■ **GOAL OF THE EXERCISE**
Restate each record word for word, omitting whatever pictures it holds.

# # # # #

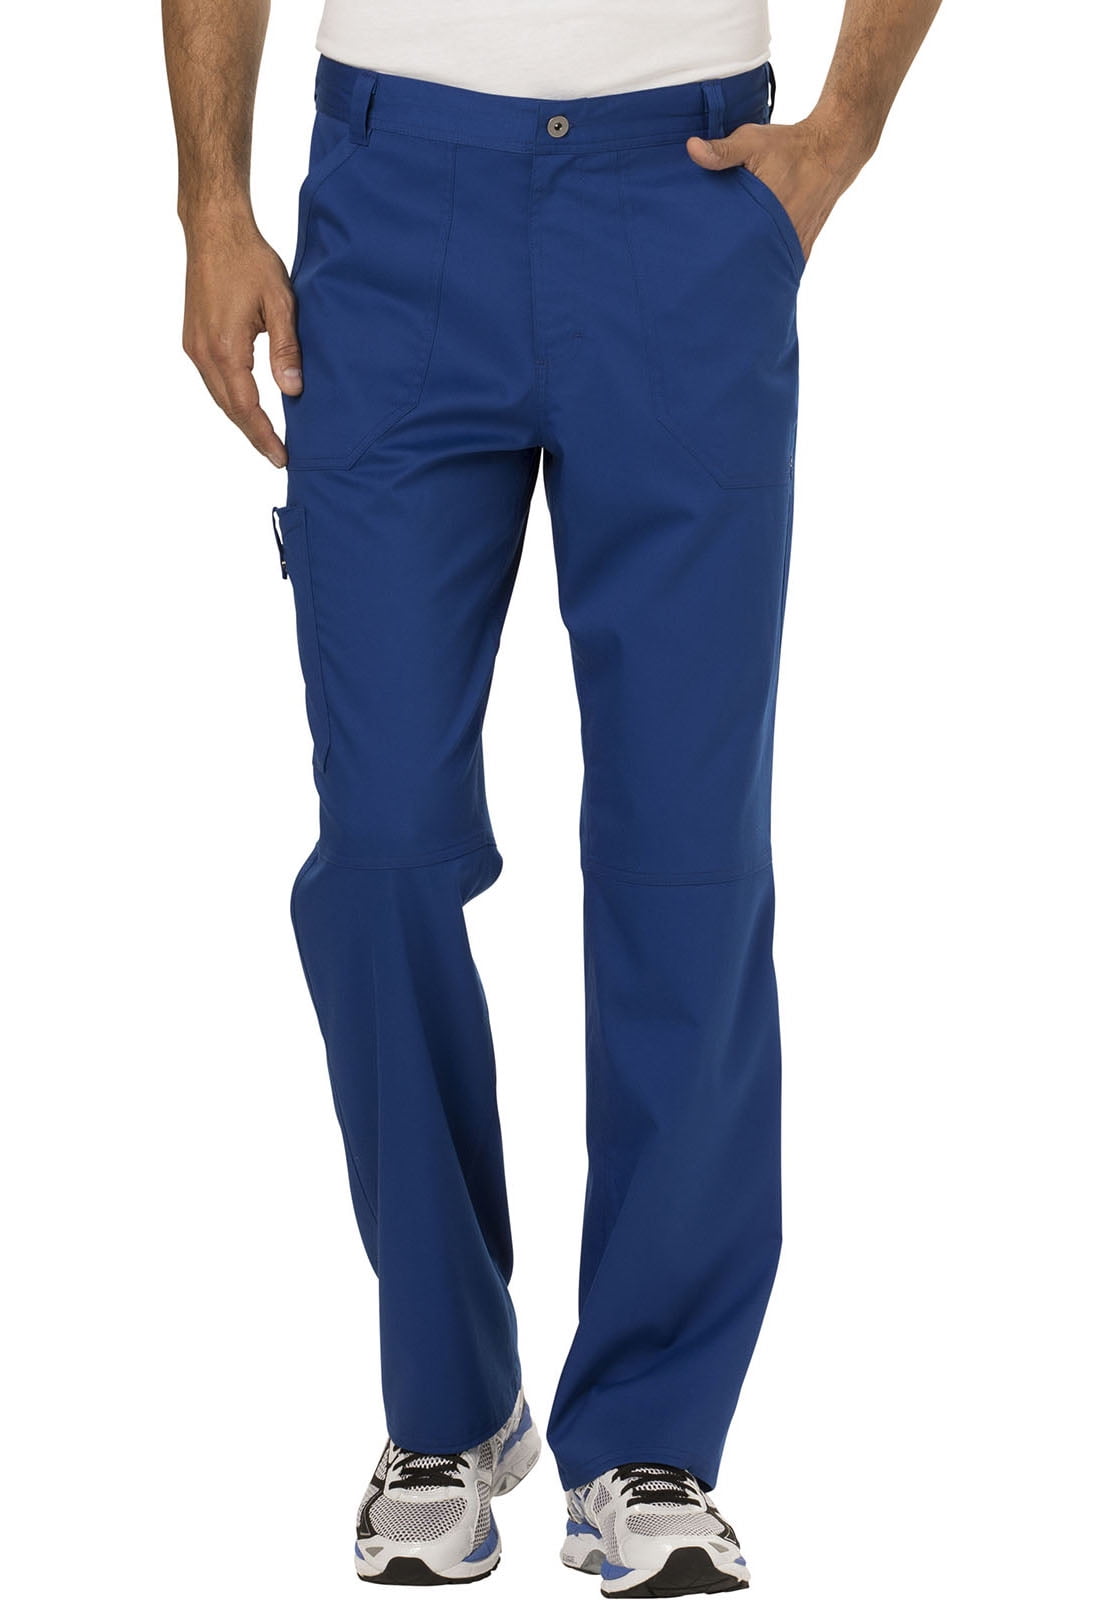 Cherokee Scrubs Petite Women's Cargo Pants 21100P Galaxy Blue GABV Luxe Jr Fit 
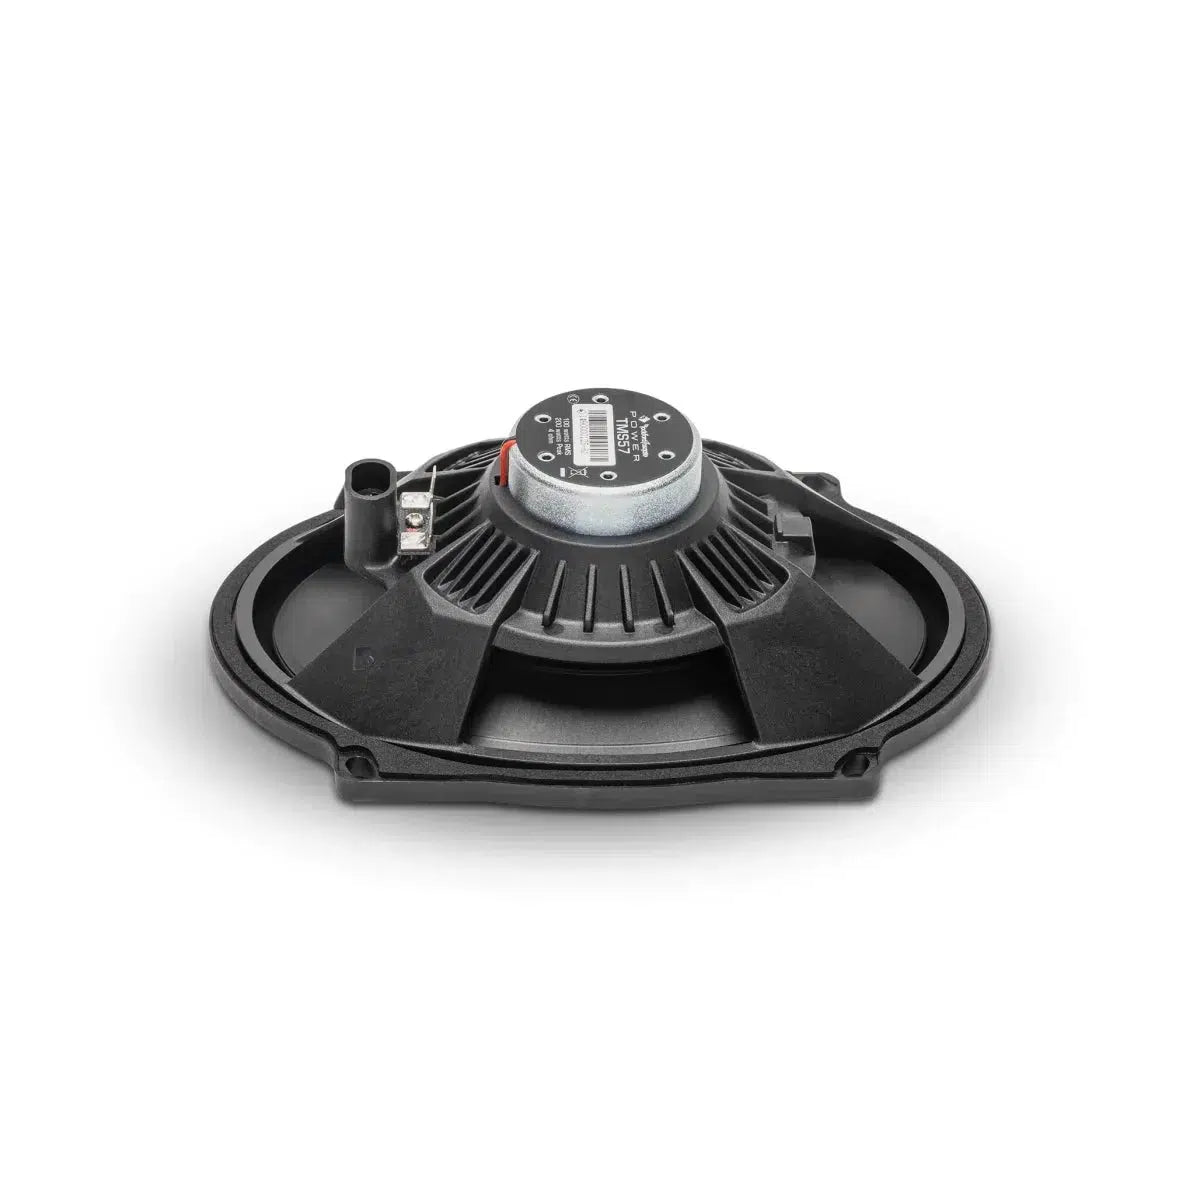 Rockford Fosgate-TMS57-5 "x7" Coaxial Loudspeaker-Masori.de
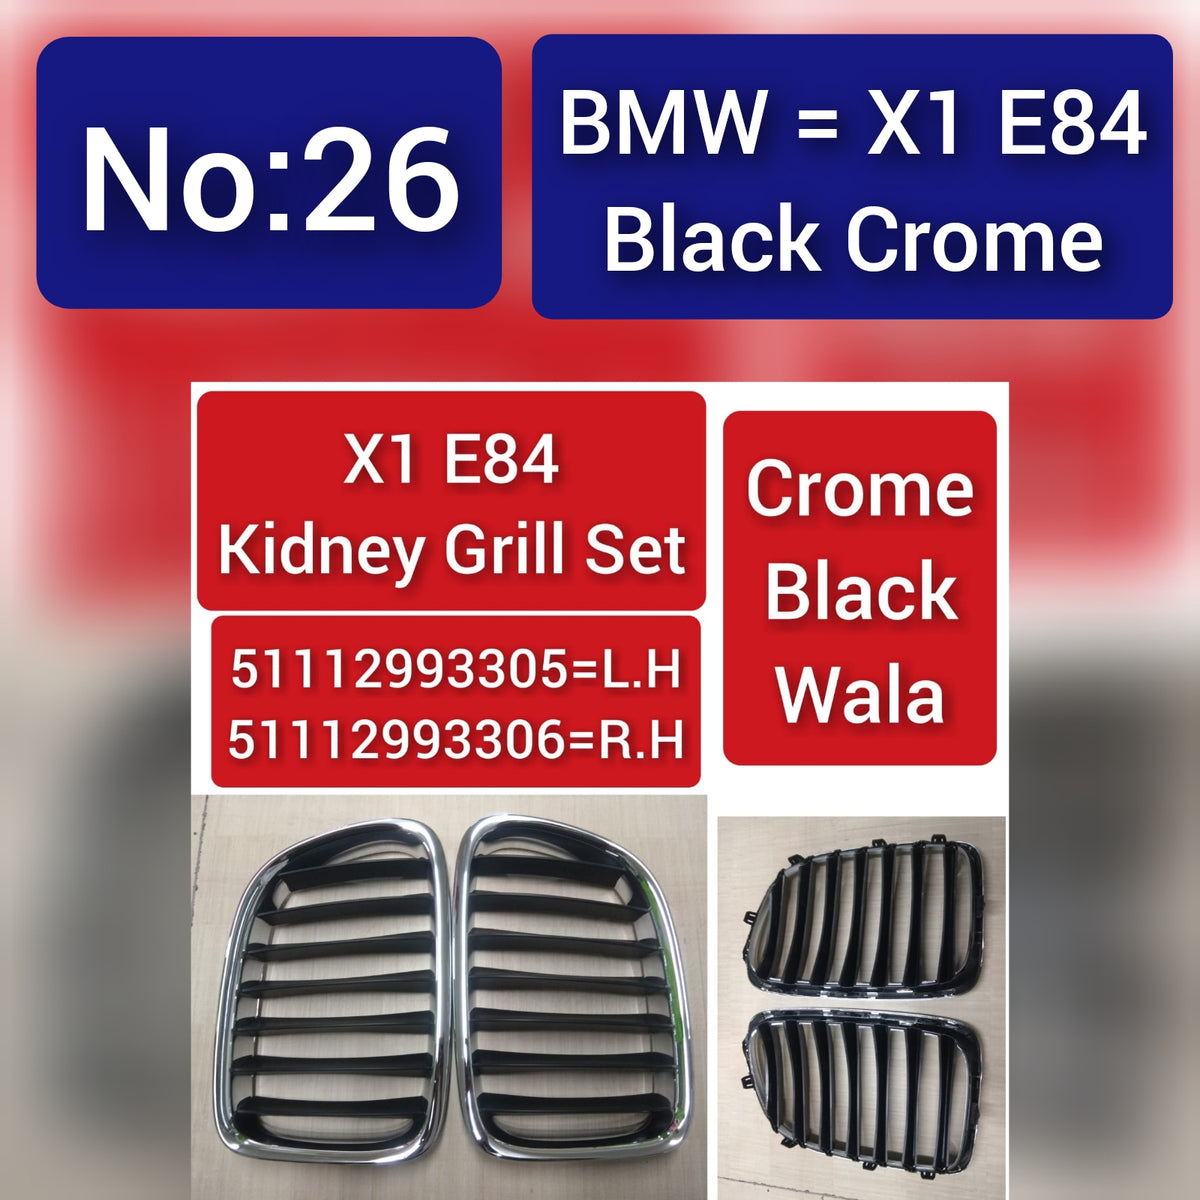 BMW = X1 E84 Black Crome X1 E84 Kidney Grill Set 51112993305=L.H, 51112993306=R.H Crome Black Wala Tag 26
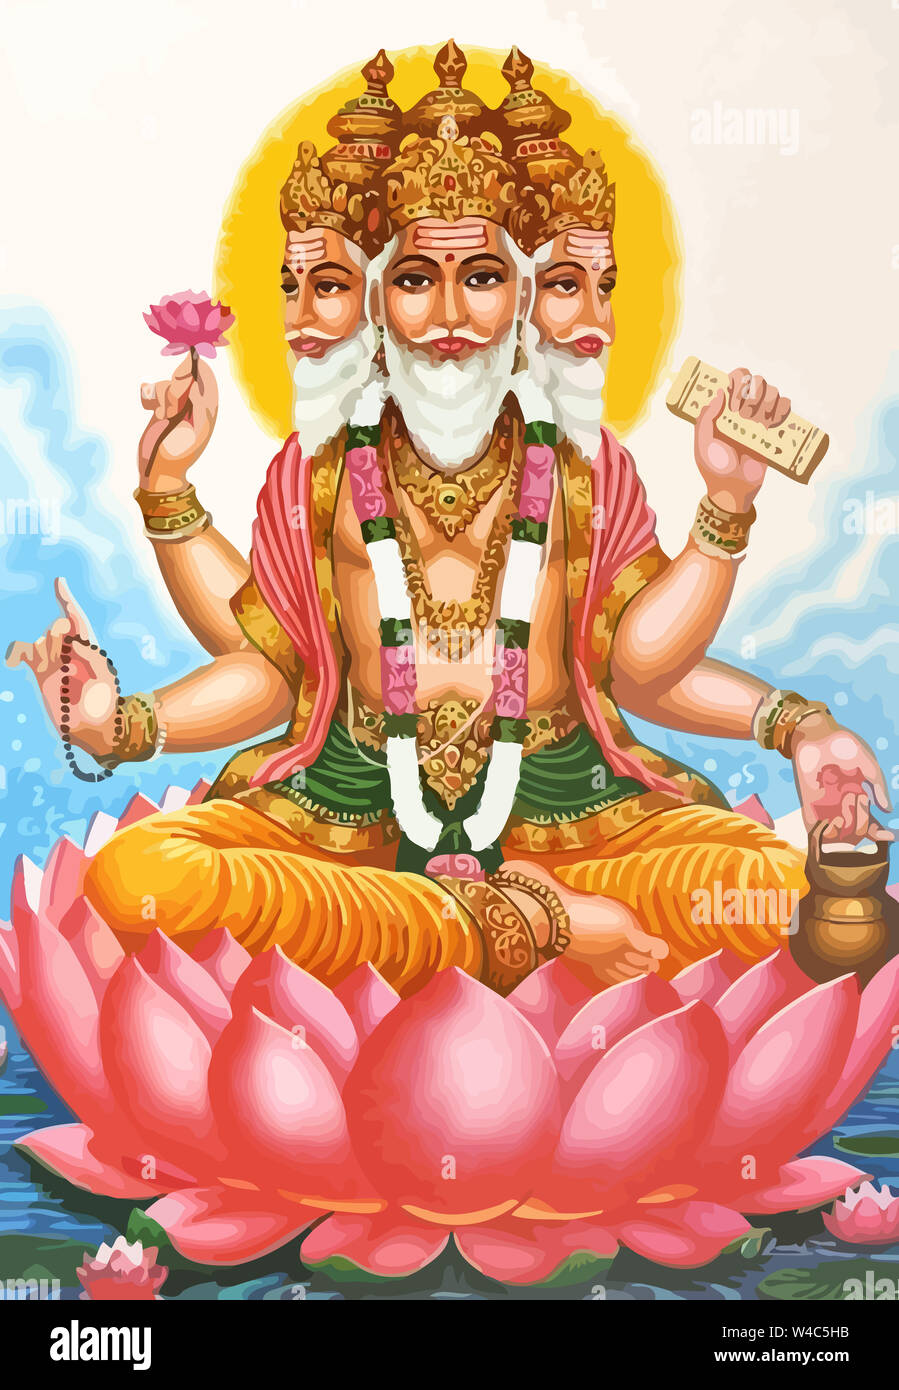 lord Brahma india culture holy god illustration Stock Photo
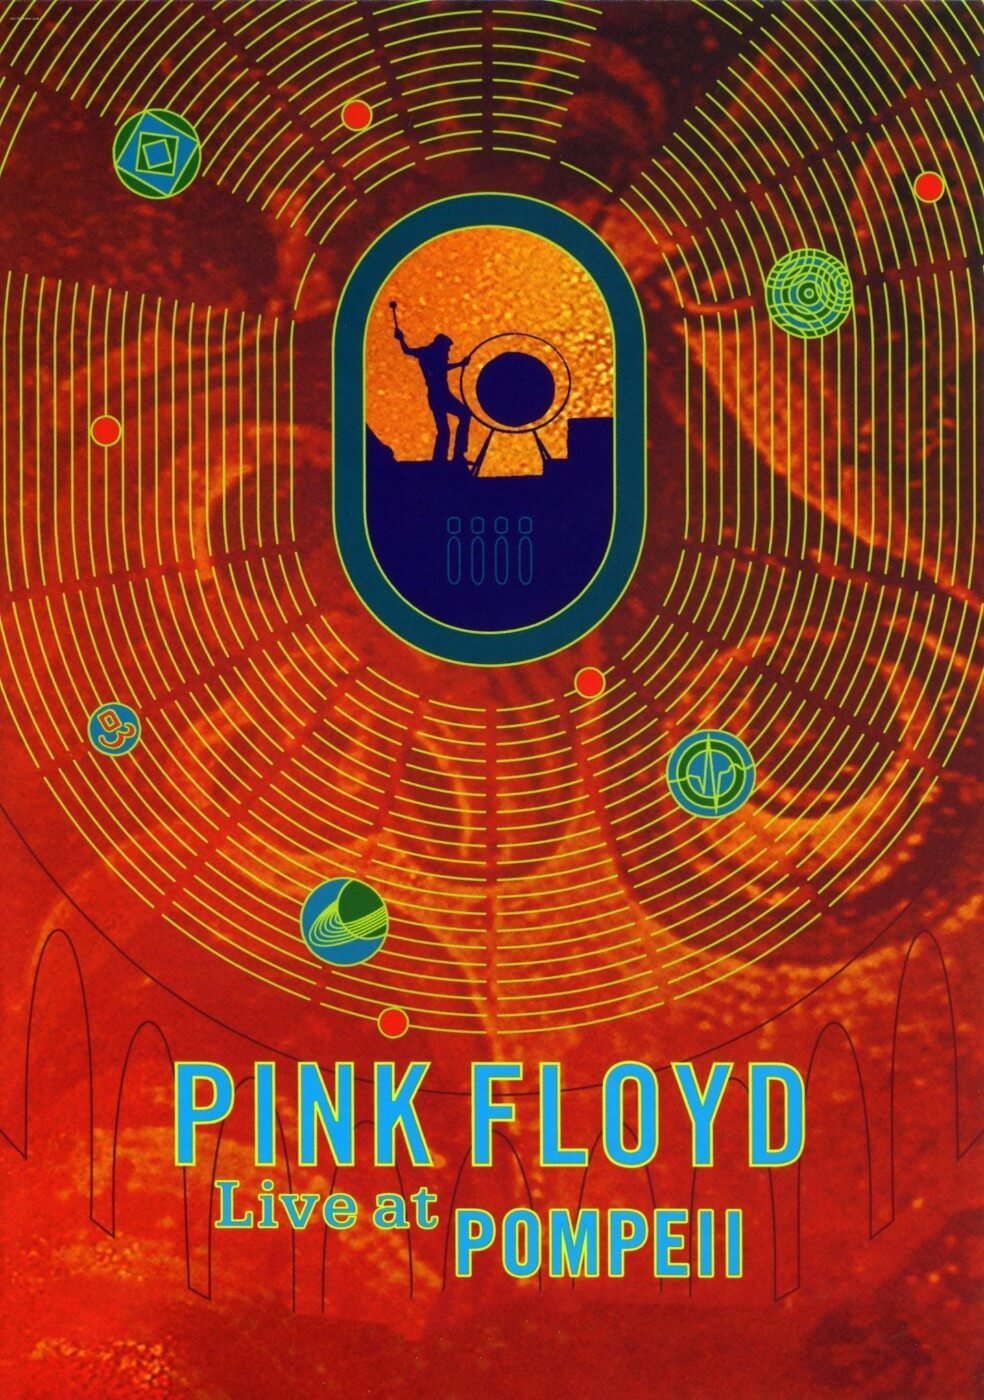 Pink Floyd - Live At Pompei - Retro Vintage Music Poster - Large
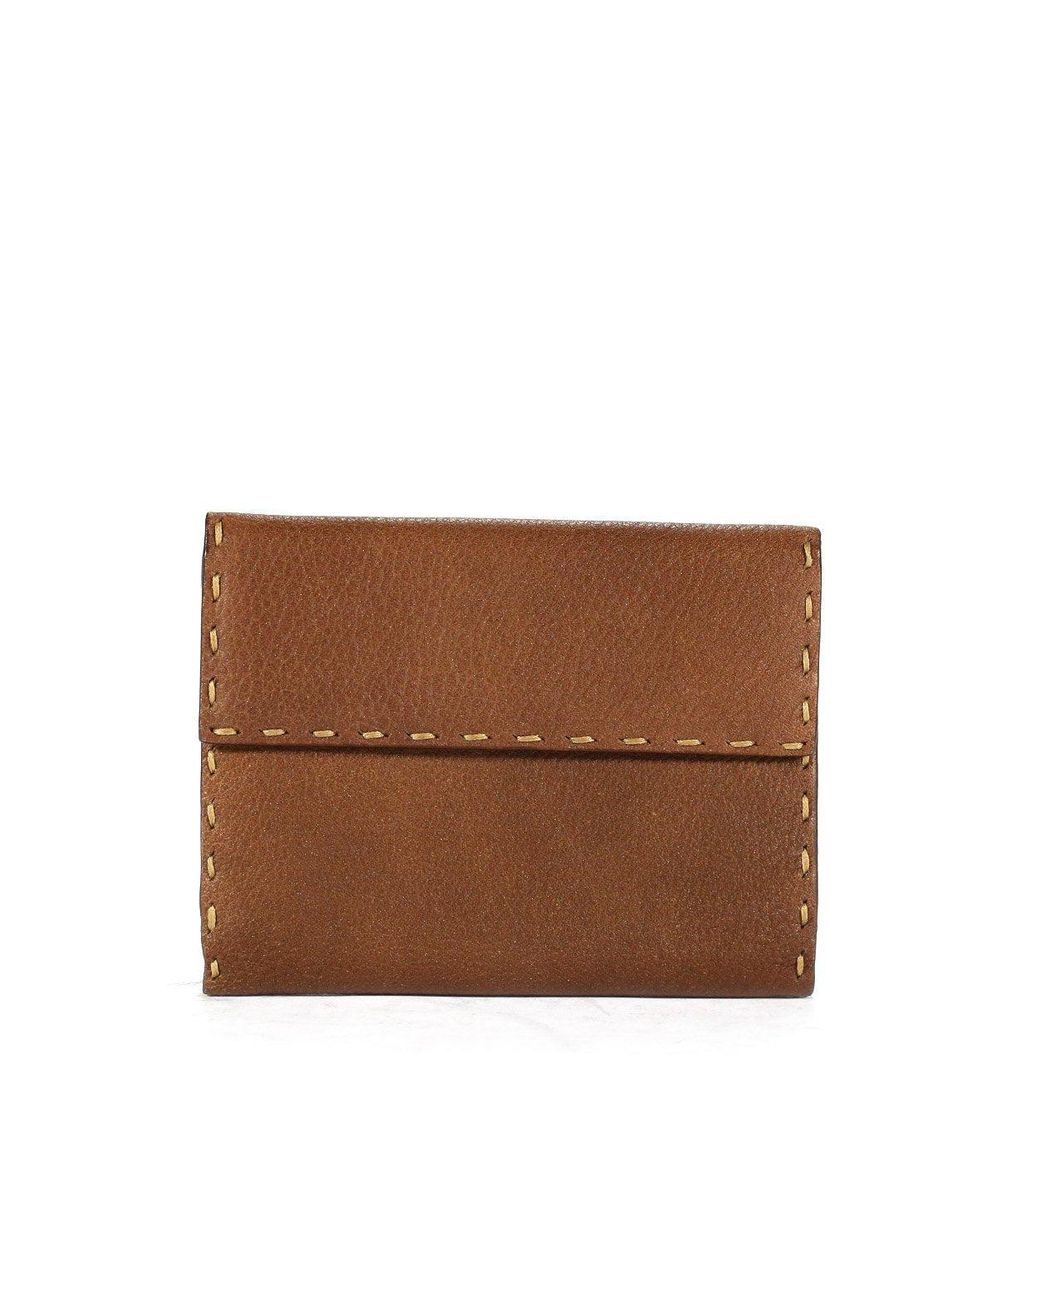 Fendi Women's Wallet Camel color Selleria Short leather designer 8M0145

# # # # #

■ **ANSWER TO THIS EXERCISE**
 Cherokee Scrubs Petite Women's Cargo Pants 21100P Galaxy Blue GABV Luxe Jr Fit 
 Rockford Fosgate-TMS57-5 "x7" Coaxial Loudspeaker-Masori.de
 BMW = X1 E84 Black Crome X1 E84 Kidney Grill Set 51112993305=L.H, 51112993306=R.H Crome Black Wala Tag 26
 lord Brahma india culture holy god illustration Stock Photo
 Pink Floyd - Live At Pompei - Retro Vintage Music Poster - Large
 Fendi Women's Wallet Camel color Selleria Short leather designer 8M0145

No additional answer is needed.